(TASK OBJECTIVE):
Please, in the data that follows, copy exactly the lines from the line with "John Varvatos John" through the last one, both included. Do not include pictures.

══ PROVIDED RECORDS ══

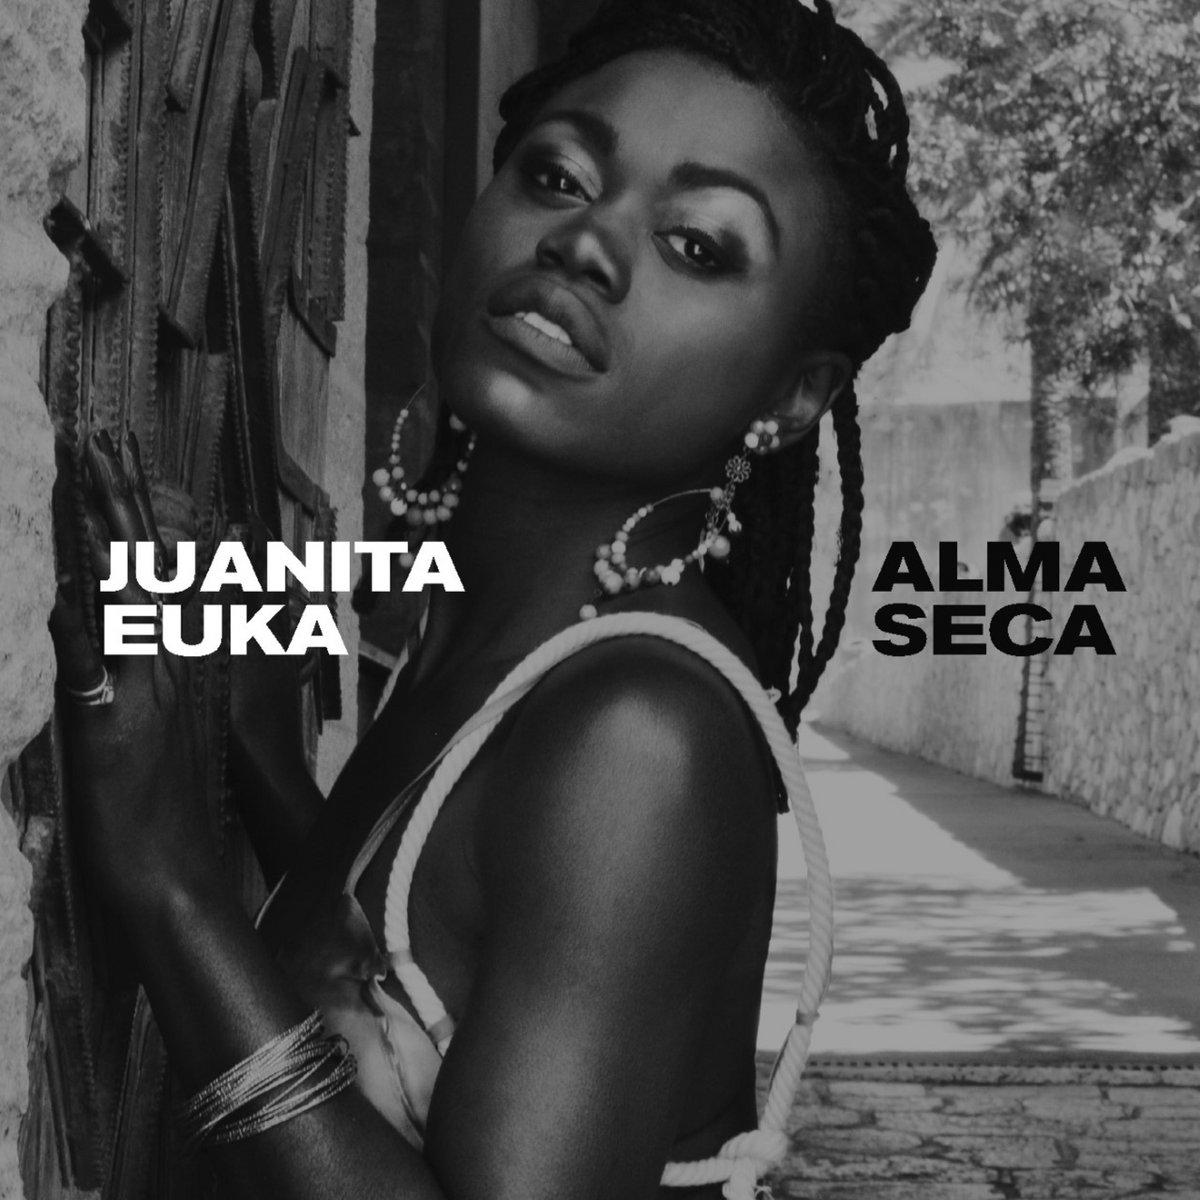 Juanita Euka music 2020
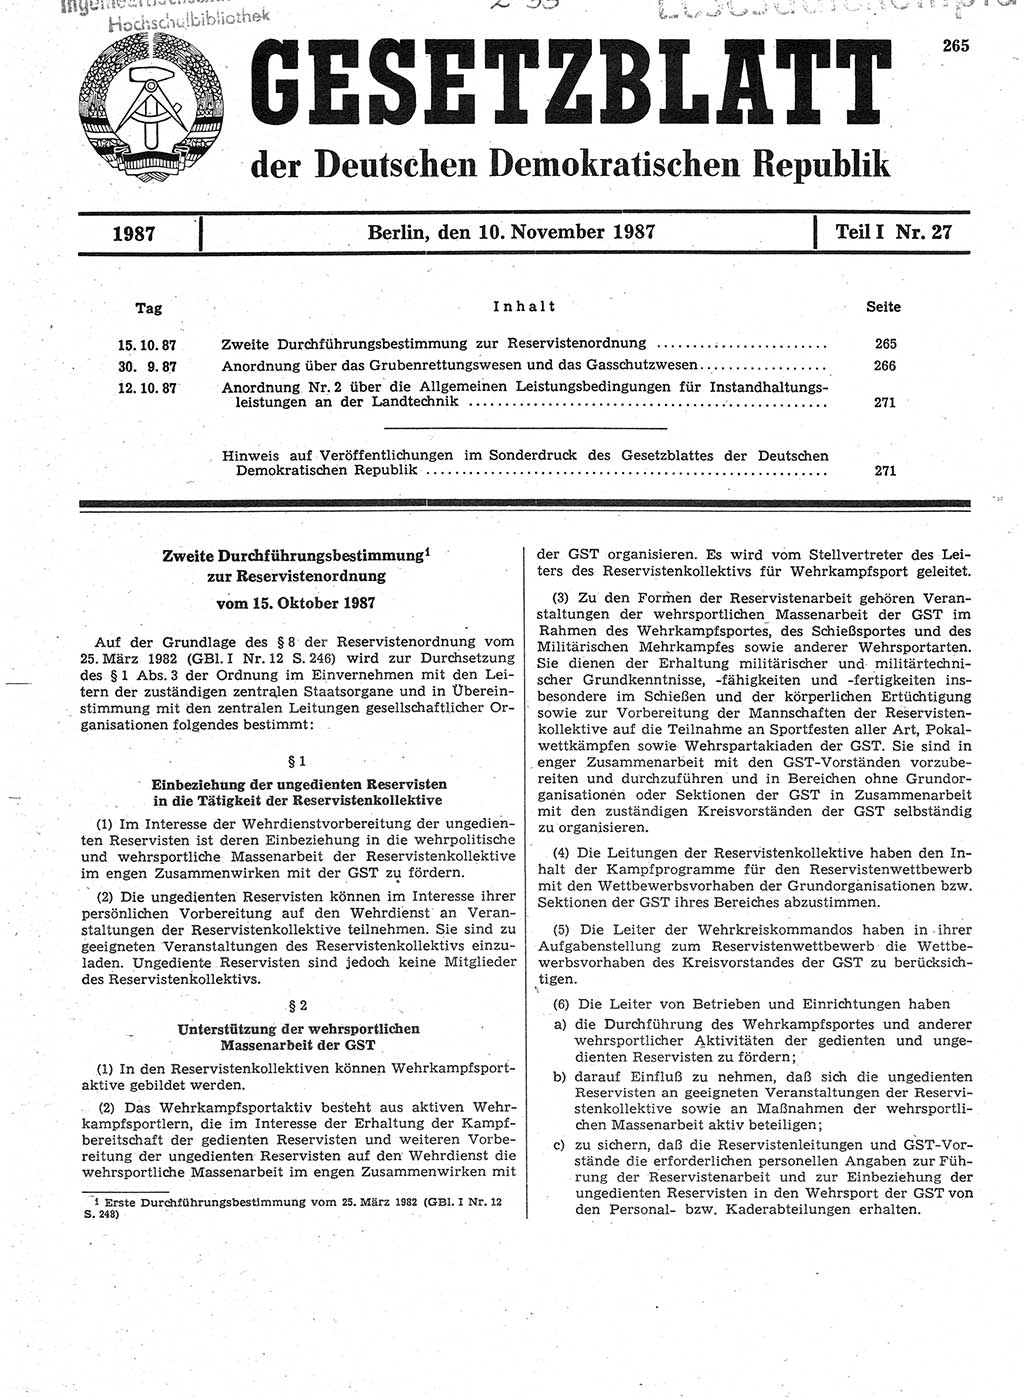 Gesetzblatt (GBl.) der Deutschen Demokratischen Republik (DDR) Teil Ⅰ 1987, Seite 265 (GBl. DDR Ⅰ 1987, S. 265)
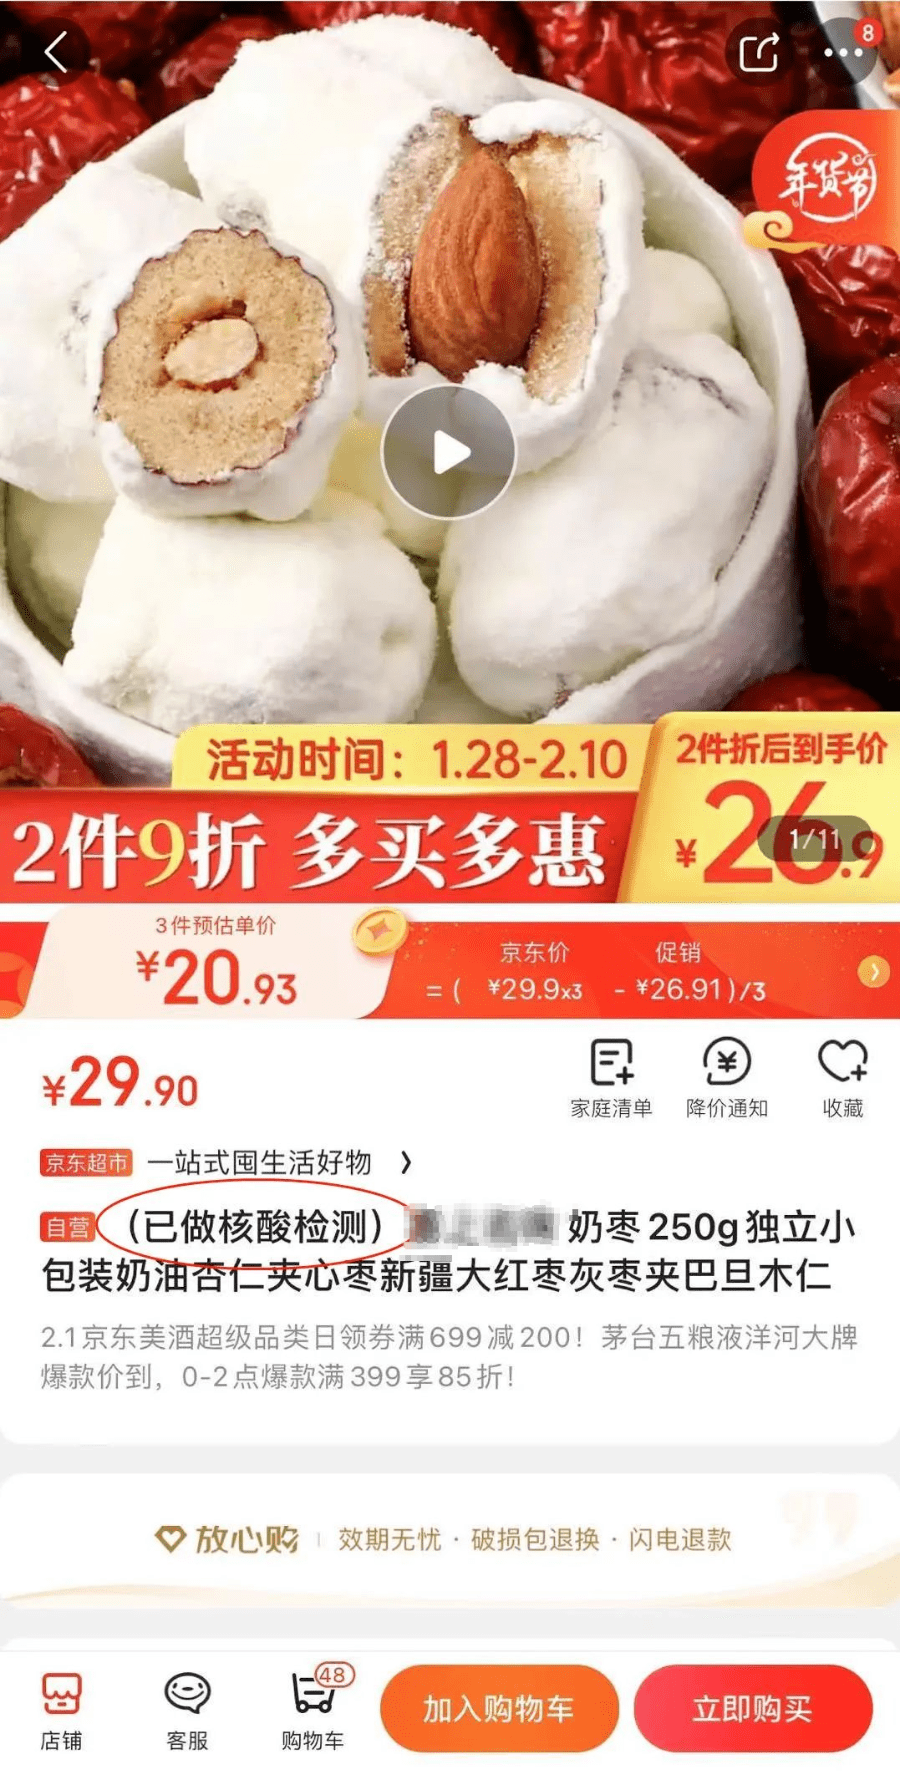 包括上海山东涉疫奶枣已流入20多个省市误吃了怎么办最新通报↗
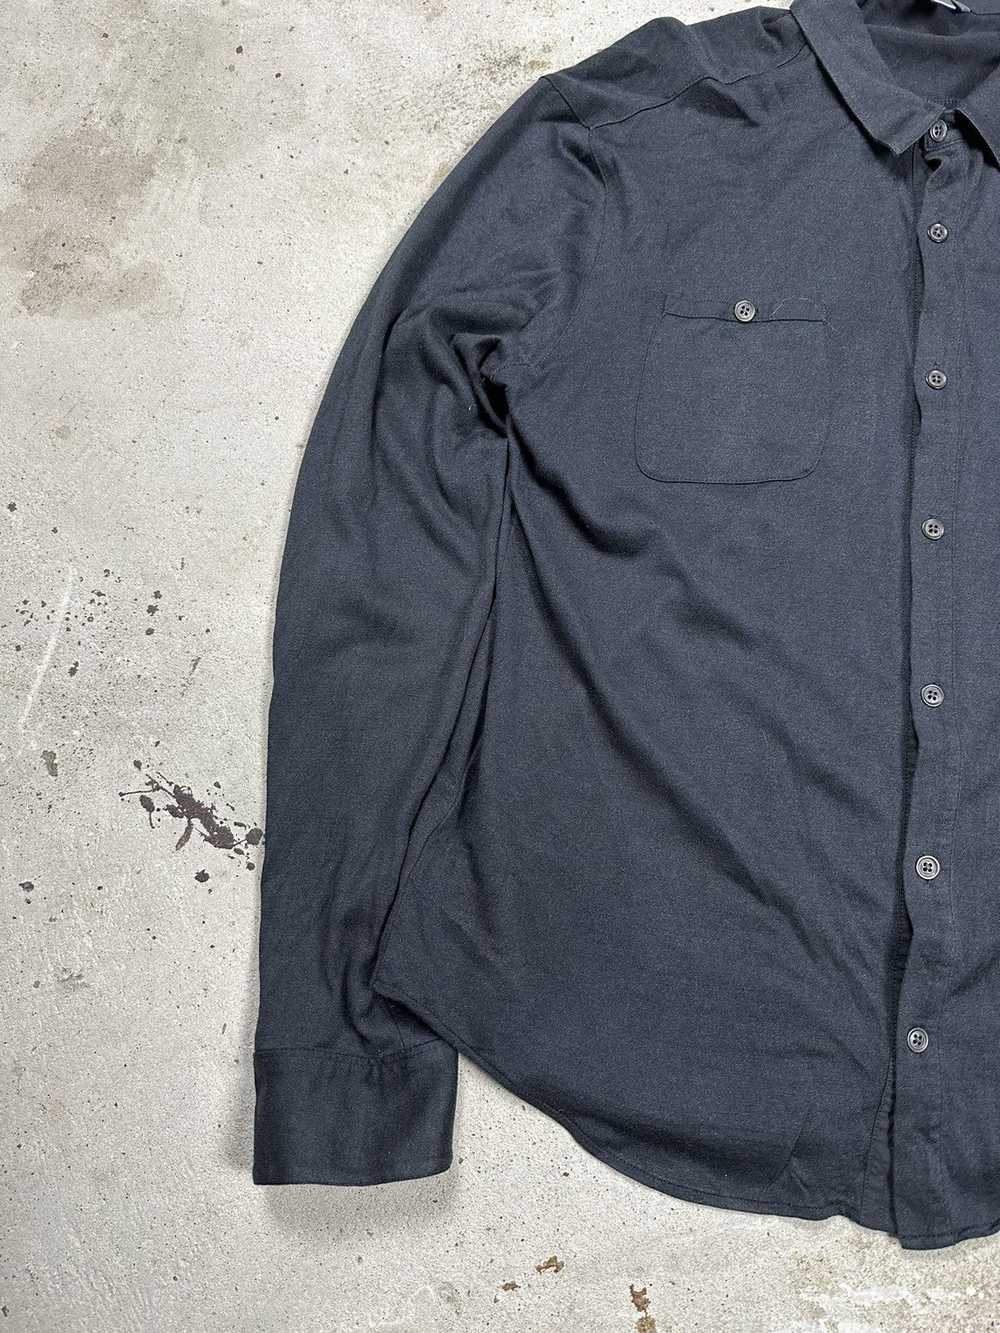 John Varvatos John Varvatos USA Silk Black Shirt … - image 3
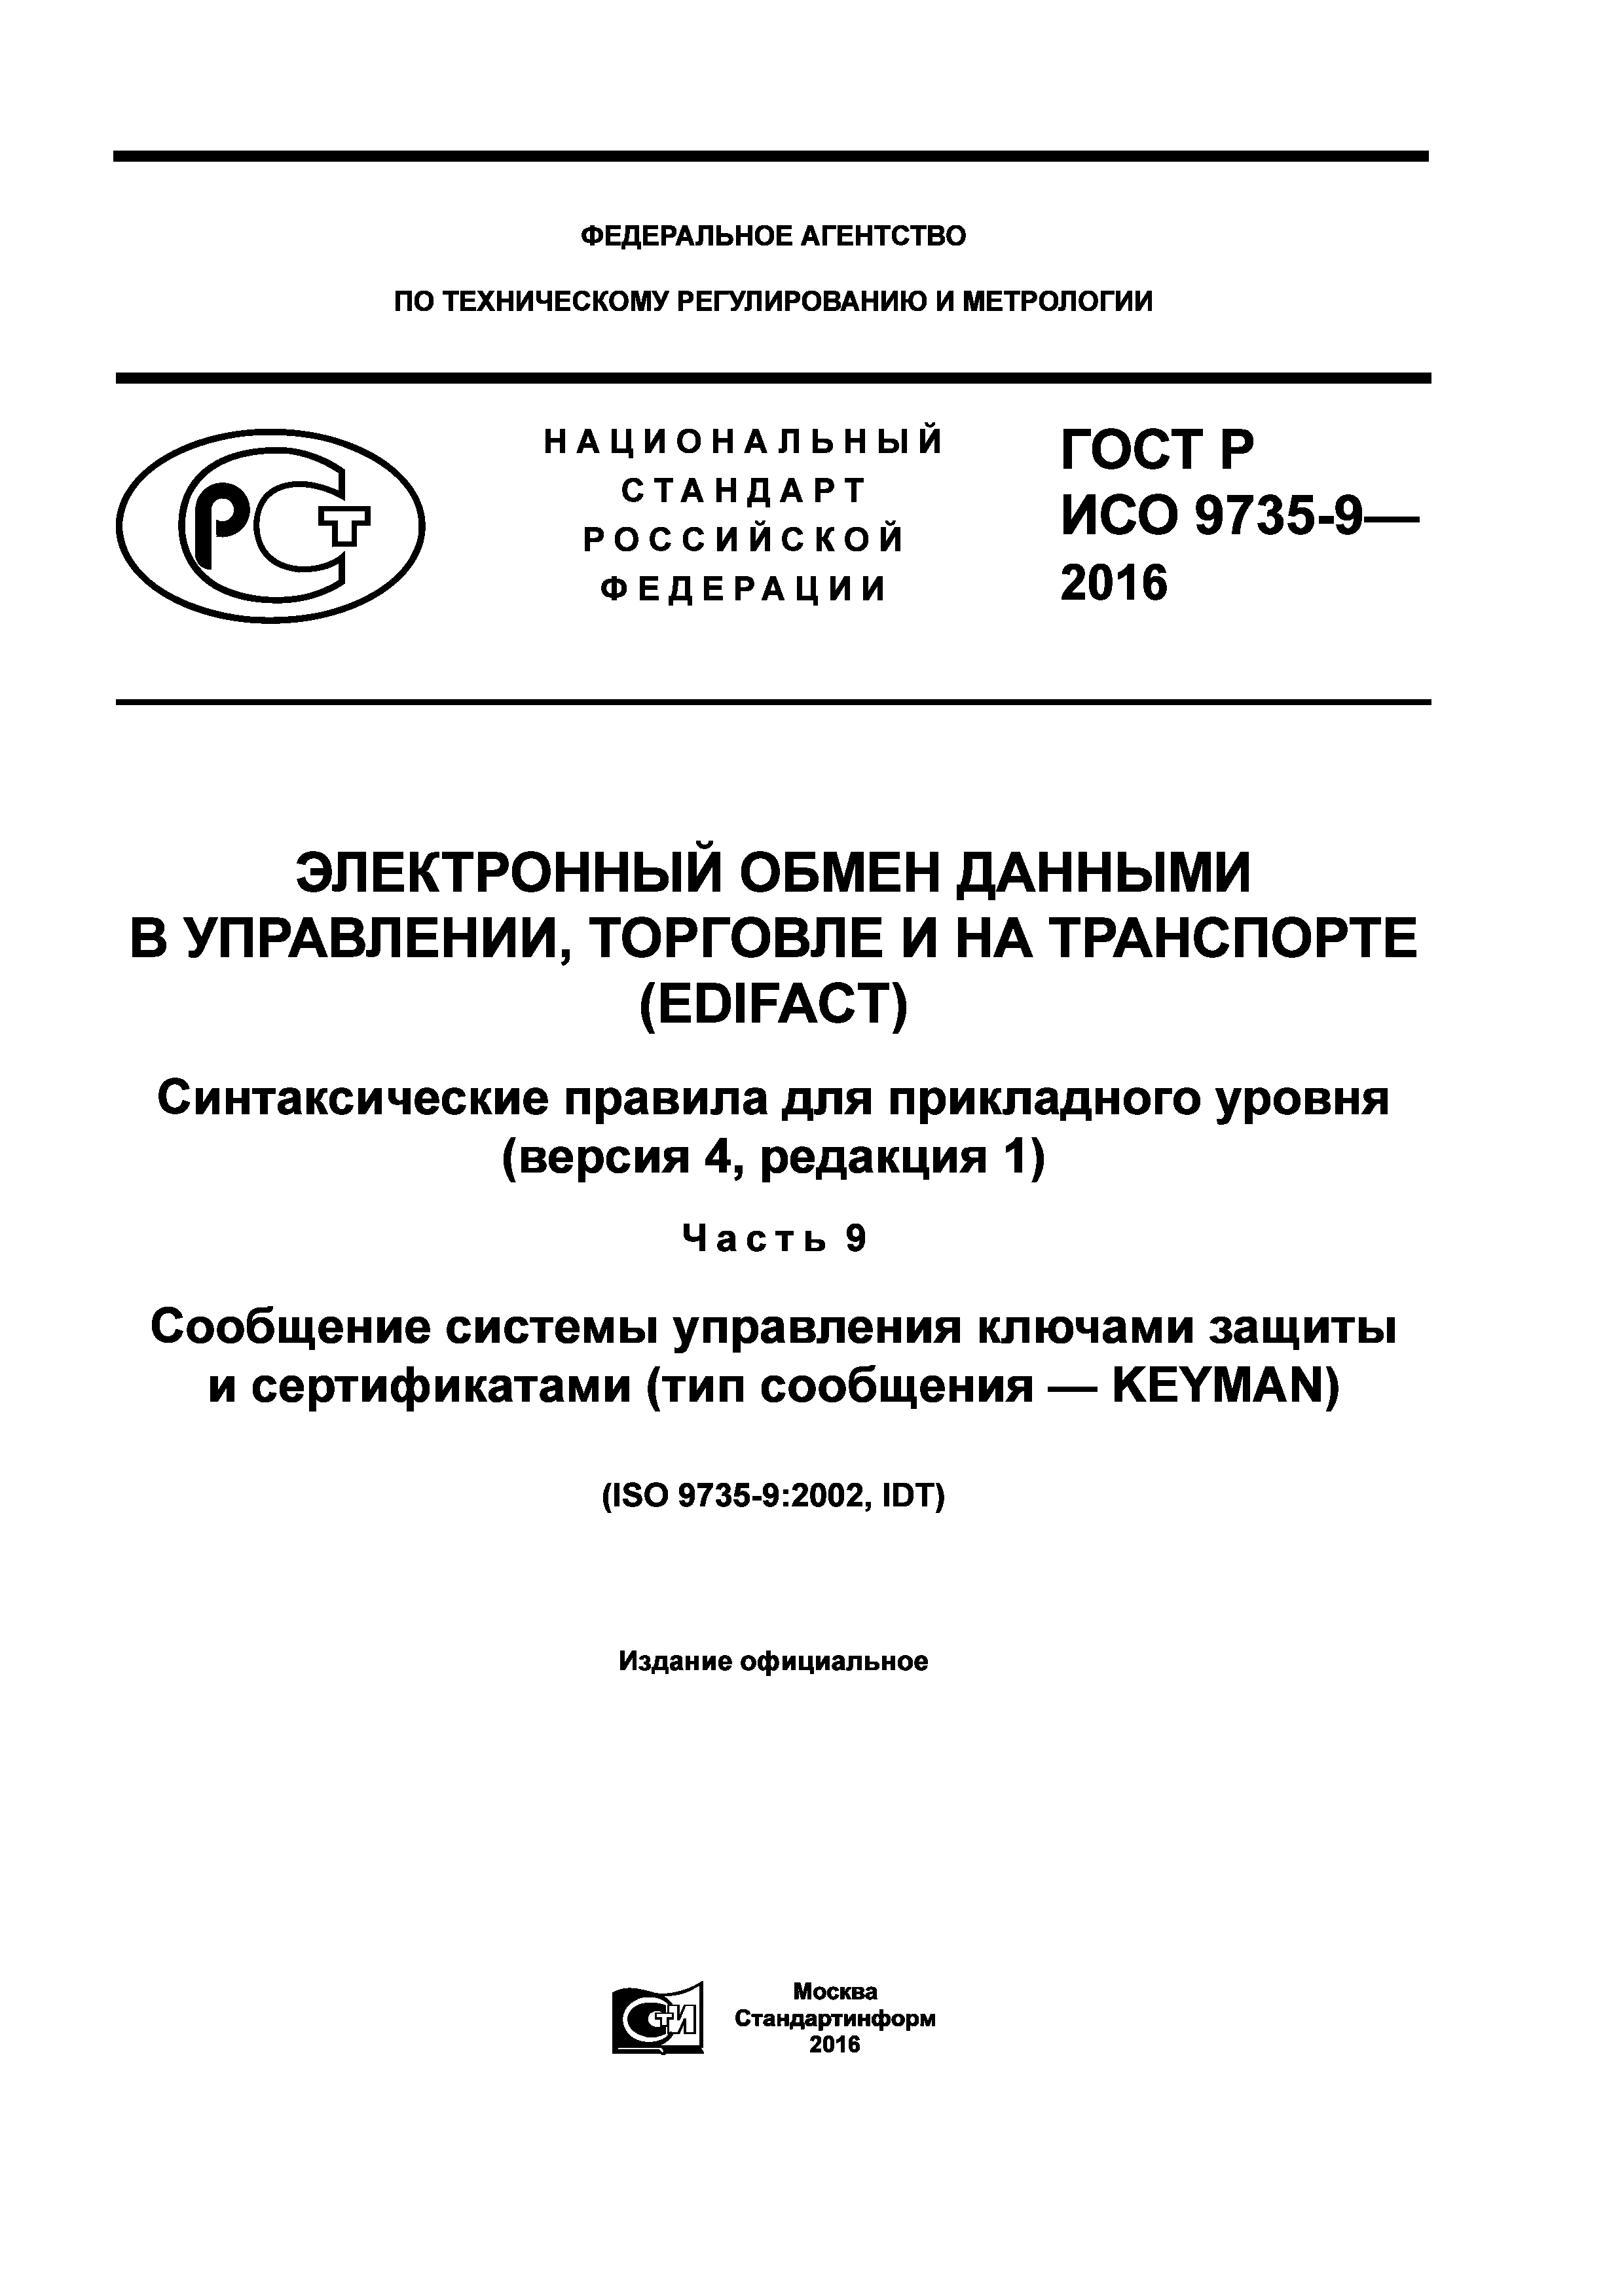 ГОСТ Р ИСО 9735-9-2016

═══

(SOLUTION):
 John Varvatos John Varvatos USA Silk Black Shirt … - image 3
 ГОСТ Р ИСО 9735-9-2016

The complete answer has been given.